Johannes Chrysostomus
Wolfgang Theophilus Mozart, plus connu sous le nom de
Wolfgang Amadeus Mozart, naquit à Salzbourg en janvier 1756.
L'enfant prodige, qui fut présenté aux plus grandes cours d'Europe, devint
rapidement un musicien de génie, rencontrant d'importants succès à Vienne.

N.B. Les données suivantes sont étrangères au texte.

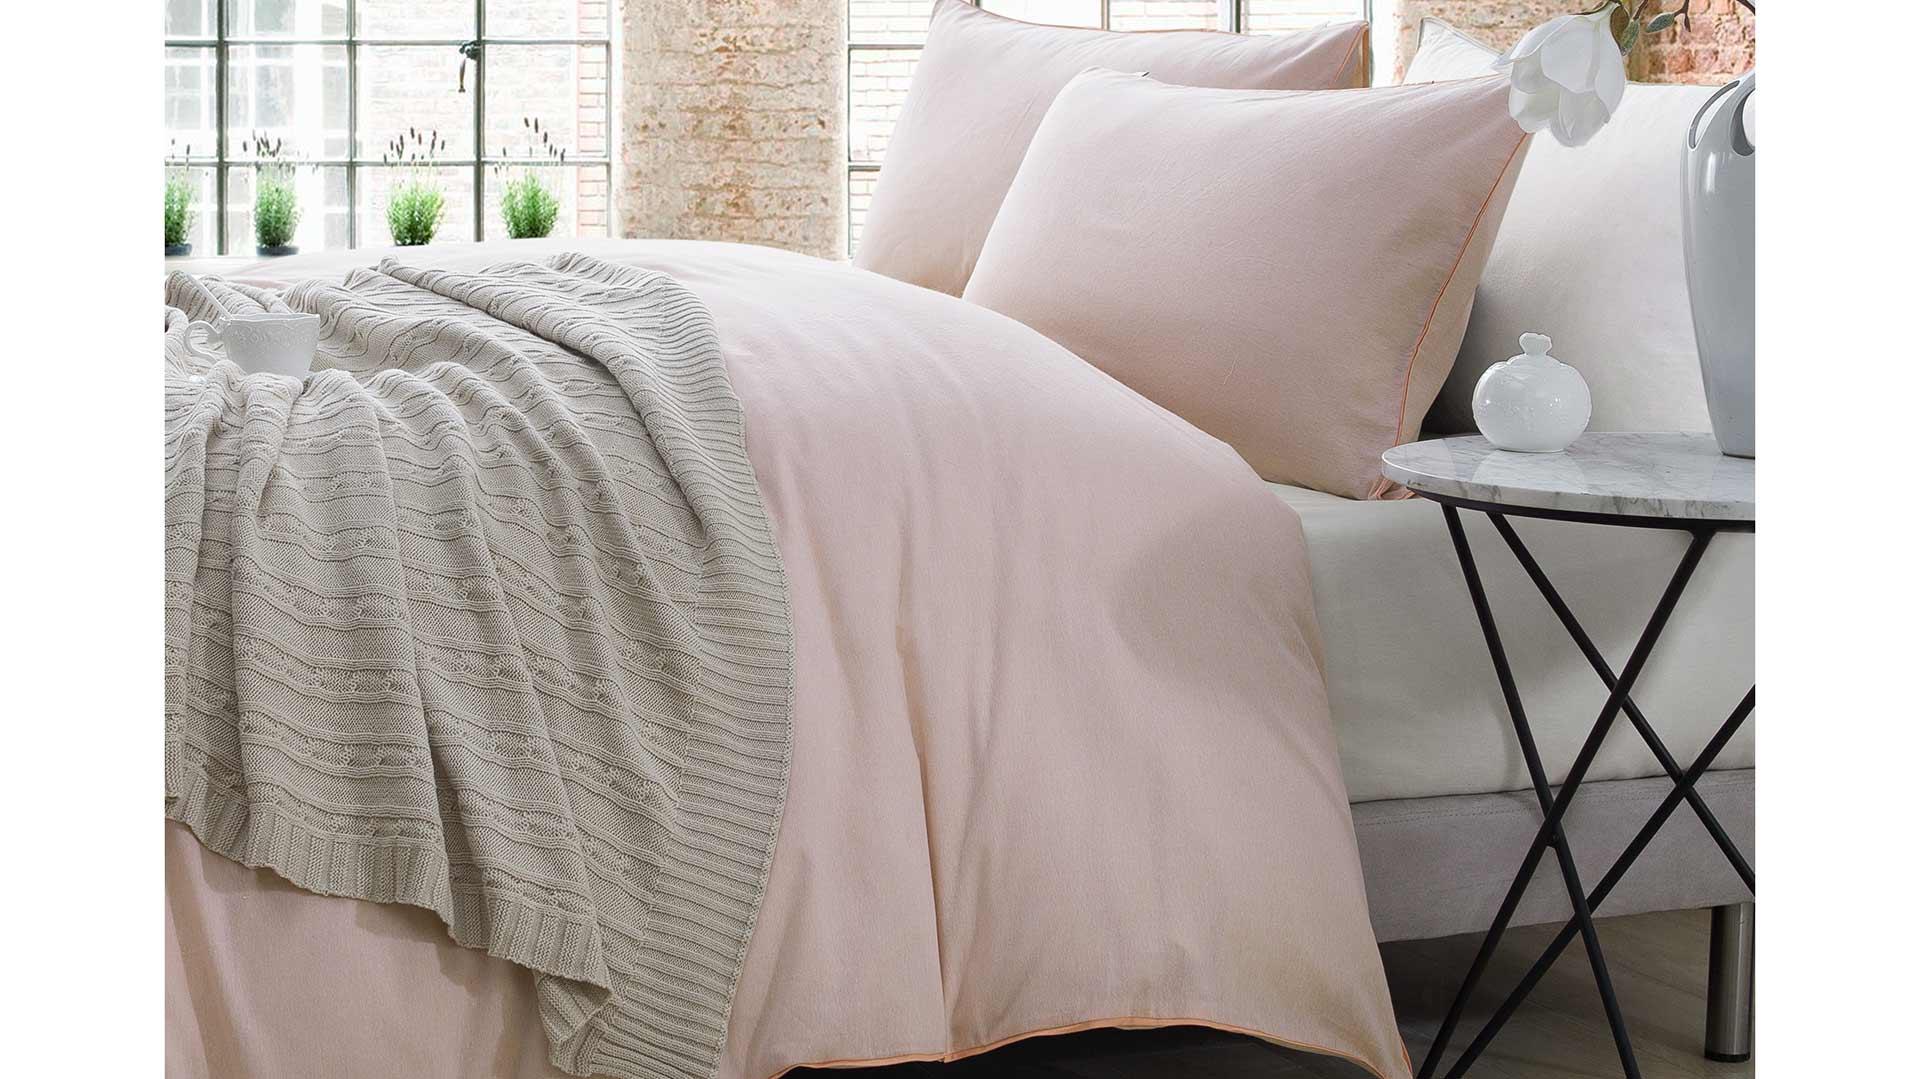 Chambray Cotton Bedding Grey Ecru Or Peach Natural Bed Company

Toutefois, Mozart ne tarda guère à susciter la jalousie de ses confrères
musicien, dont celle d'Antonio Salieri, compositeur de la Cour de
Vienne. Par ailleurs, sa mort mystérieuse en décembre 1791, continue encore
aujourd'hui d'alimenter la controverse.
Mozart fut-il donc victime des ambitions dévorantes de Salieri ? Quant à
cette légende noire, entourant la mort de ce compositeur de génie, est-elle
basée sur des sources fiables, ou ne relève-t-elle que du mythe ?
Salieri and Mozart, par Mikhail VRUBEL 1885.
Le jeune Mozart, après avoir passé son adolescence à Salzbourg, sa ville
natale, s'installa à Vienne en 1781. Il y rencontra rapidement Joseph
II, archiduc d'Autriche et souverain du Saint Empire romain
germanique, qui lui commanda un opéra l'année suivante. A noter qu'à
cette époque, les pièces étaient jouées en italien, car la langue
germanique, considérée comme trop
« brutale », était jugée inadaptée pour l'opéra. Ainsi, la plupart
des musiciens de la Cour de Vienne étaient d'origine italienne, dont
Antonio Salieri,
kapellmeister
de Joseph II.
Wolfgang Amadeus Mozart, par Barbara KRAFFT, 1819 (à gauche)
; Antonio Salieri, vers 1802 (à droite).
Malgré les réticences de ses pairs, Mozart composa
L'enlèvement au sérail
(ou
Entführung aus dem Serail),
qui fut joué à l'opéra de Vienne pendant l'été 1782. La pièce,
connaissant un vif succès (même si Joseph II aurait estimé qu'elle
comportait
« trop de notes »), fut un des plus grands succès de Mozart,
lui permettant d'établir sa réputation à Vienne.
Rejoignant la franc-maçonnerie en
fin d'année 1784, Mozart commença à travailler sur un nouvel opéra en
langue italienne, Le s
noces de Figaro
(Le nocce di Figaro).
Toutefois, cette pièce s'inspirait de
La folle journée, ou le mariage de Figaro,
de l'écrivain français
Pierre Augustin de Beaumarchais,
ouvrage qui avait été interdit par Joseph II. En effet, cette œuvre
jugée subversive, critiquait les privilèges de la noblesse, jugés
archaïques par l'auteur.
Malgré tout, Mozart reçut l'autorisation de faire jouer sa pièce,
expurgée de toute référence politique, en mai 1786. Cependant, si le
succès fut une nouvelle fois au rendez-vous, cet opéra fut rapidement
retiré de l'affiche, en raison de l'hostilité de la noblesse viennoise.
L'année suivante, Mozart présenta un nouvel opéra en langue
italienne au théâtre de Prague, la ville ayant fait un bon accueil
aux Noces de Figaro.
Don Juan (Don Giovanni),
joué pour la première fois en octobre
1787, reçut un accueil très favorable. Par la suite, cette œuvre fut
présentée au public viennois dans une version quelque peu modifiée, au
printemps 1788, mais n'eut pas le succès escompté.
Les noces de Figaro (à gauche) et Don Juan (à droite).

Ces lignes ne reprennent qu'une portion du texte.